Perhaps such a gathering is strange, given the terrible propensity of human kind to pass hatreds from generation to generation and to heap on the heads of children in the present the blood guilt of the past.

But is our sons and daughters are to dwell together in peace in the world, the cycle of hatred and vengeance must be broken. Those who have been at sword point must cry, "Hold! Enough!" and together take hands to the forge to shape the weapons of war into instruments of peace.

The living and the dead from the Warsaw Uprising deserve more than vengeance against those innocent of their blood. We honor them best by our unbending will, five decades after their gallant sacrifice, to build a Europe where past hatreds will dissolve in the warmth of new understanding, tolerance, mutual forgiveness and common hope.

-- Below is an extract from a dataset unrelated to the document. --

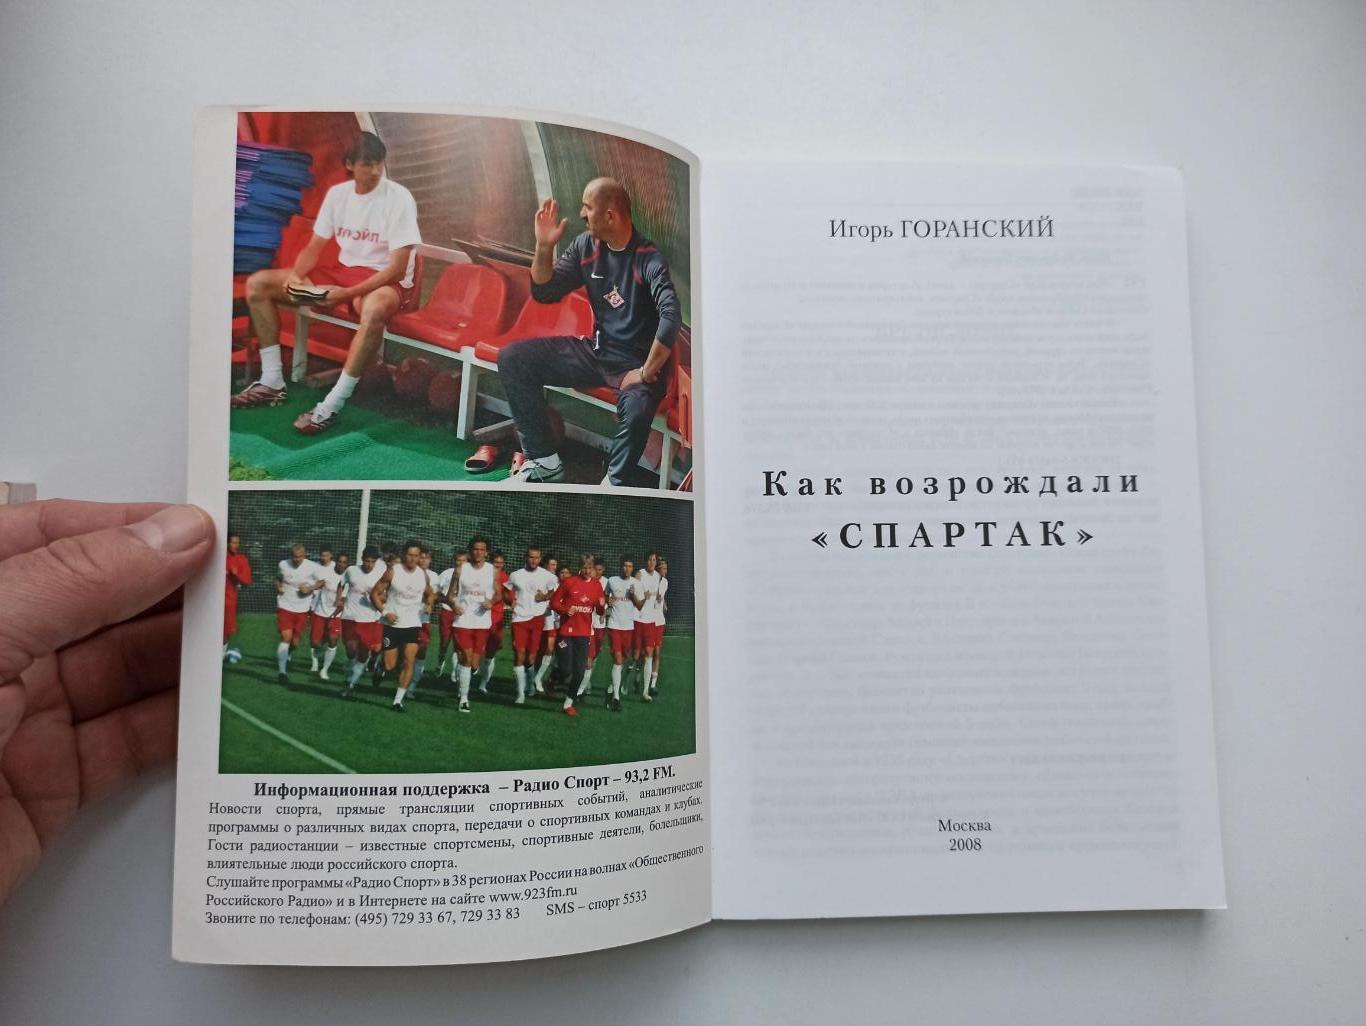 Футбол, Игорь Горанский, Как возрождали Спартак, Москва, 2008г., редкая книга 5

No one can escape the past. We can, however, choose those parts of the past that we will use in constructing the future. We must not choose to enslave the present and to bind the future in the shackles of ancient hatreds.

The Polish fighters of 1944 died for liberty and for human dignity. Their example and their sacrifice were for all people and all times. Recent history has proven that their sacrifice helped sanctify liberty for the children of their oppressors.

The most precious monument for those we honor today will be a Europe where all children in every land can waken without fear, live their days without hatred, dine together in plenty, and lie down to sleep in peace.